Wow, love these! I wonder if any get big enough for call blanks? Would be stunning!


----------



## longbeard (Nov 5, 2013)

Those look great Mike, nice job. That is sweet looking timber


----------



## healeydays (Nov 5, 2013)

SENC said:


> Wow, love these! I wonder if any get big enough for call blanks? Would be stunning!

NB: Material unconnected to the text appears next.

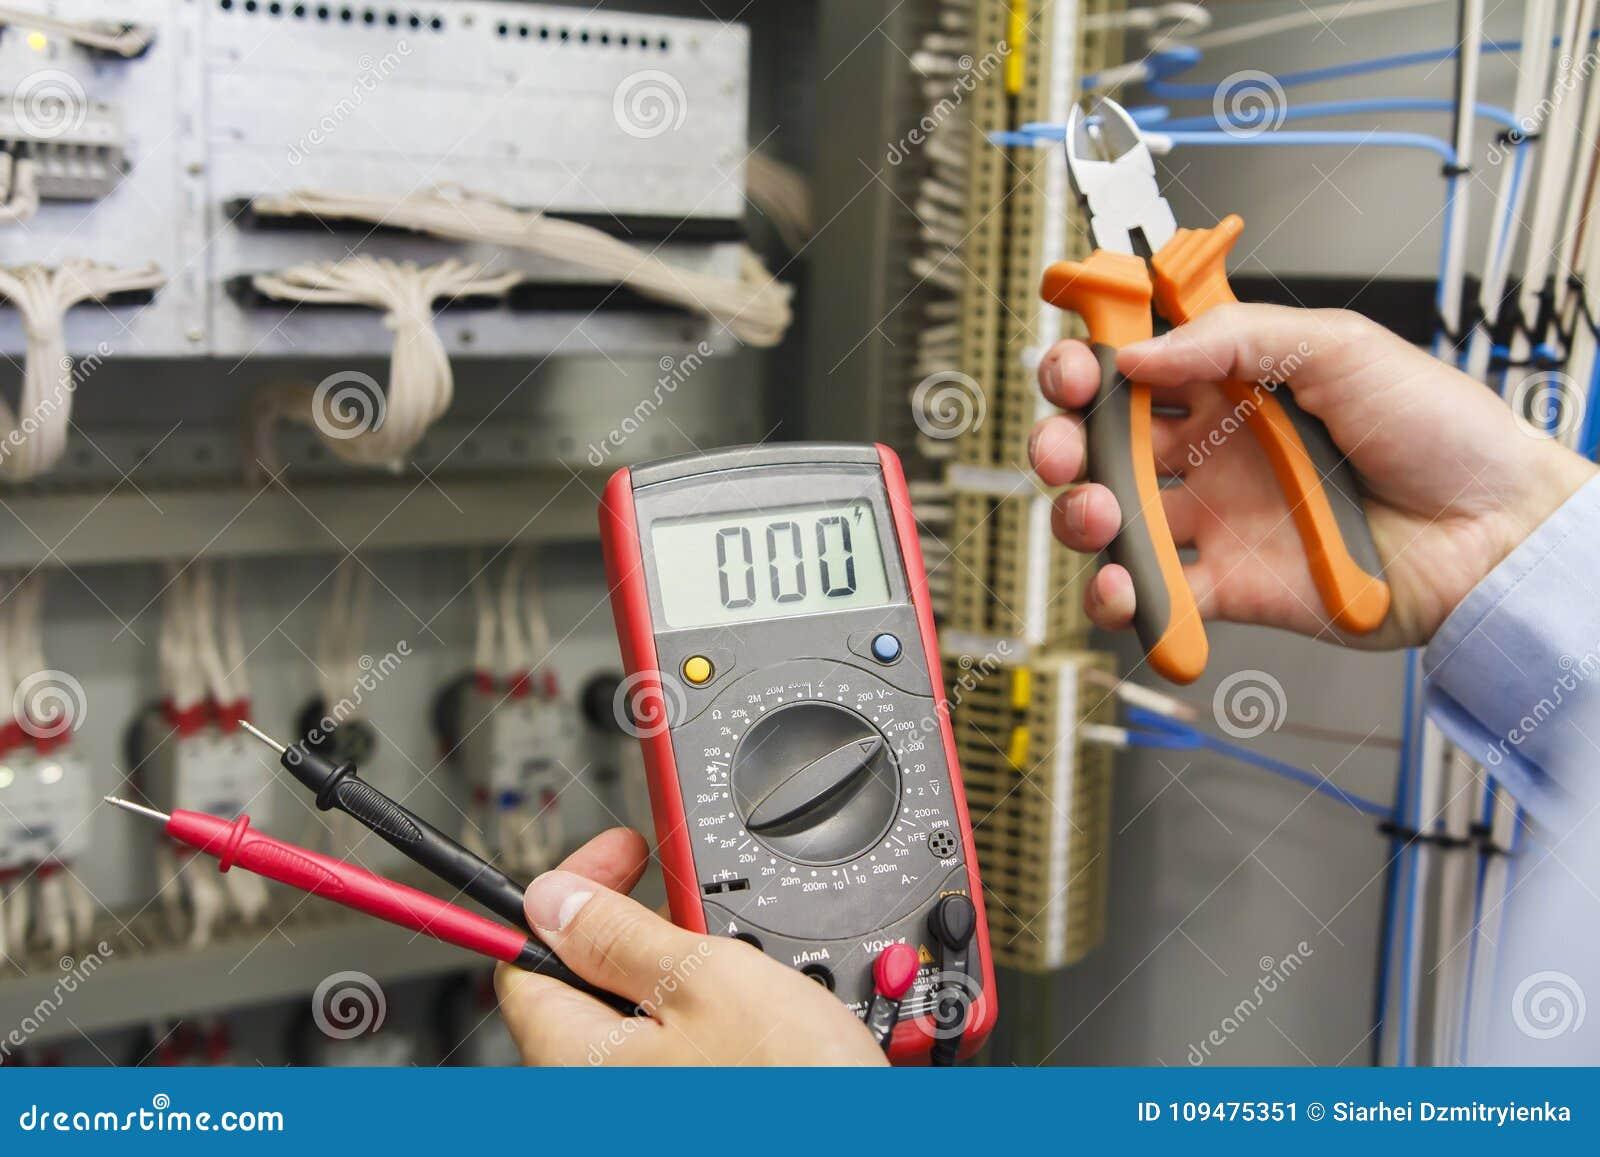 Appareil de contrôle et coupe-fil dans des mains d électricien contre le panneau de commande électrique de l équipement d automat

Sorry, but this guy has a problem even getting whole pen size blanks, and shipping from Australia would put a dent in the wallet...


----------



## Mike1950 (Nov 5, 2013)

Nice looking- I know about shipping to Aus. I shipped 2 small sconces there and it was almost $500 for a med sized box- 15 Lbs. before the recession it would have been about $100


----------



## healeydays (Nov 5, 2013)

It costing about $50 to ship me 30 pen blanks. Definitely not USPS...


----------



## DKMD (Nov 5, 2013)

Nice work! George and I have traded a fair bit of stuff over the past few years... He gets some amazing olive!


----------



## healeydays (Nov 5, 2013)

This stuff does looks alot like olive wood, but is alot lighter. Weirdest stuff. This stuff is suppose to be from a root ball off a tree found in a small area of Queensland. Personally I don't care where they come from, they are great to turn.


----------



## rdabpenman (Nov 5, 2013)

Looks great from here.

Les


----------



## khobson (Nov 7, 2013)

I have some of those truffle blanks sitting at the post office waiting to be picked up.....after seeing these pics I can't wait to pick them up! Great job


----------



## healeydays (Nov 7, 2013)

I wouldn't pick them up if I was you as I hear they are illegal to own in Texas. I would love to help you though. Just have them redirected to NH.


----------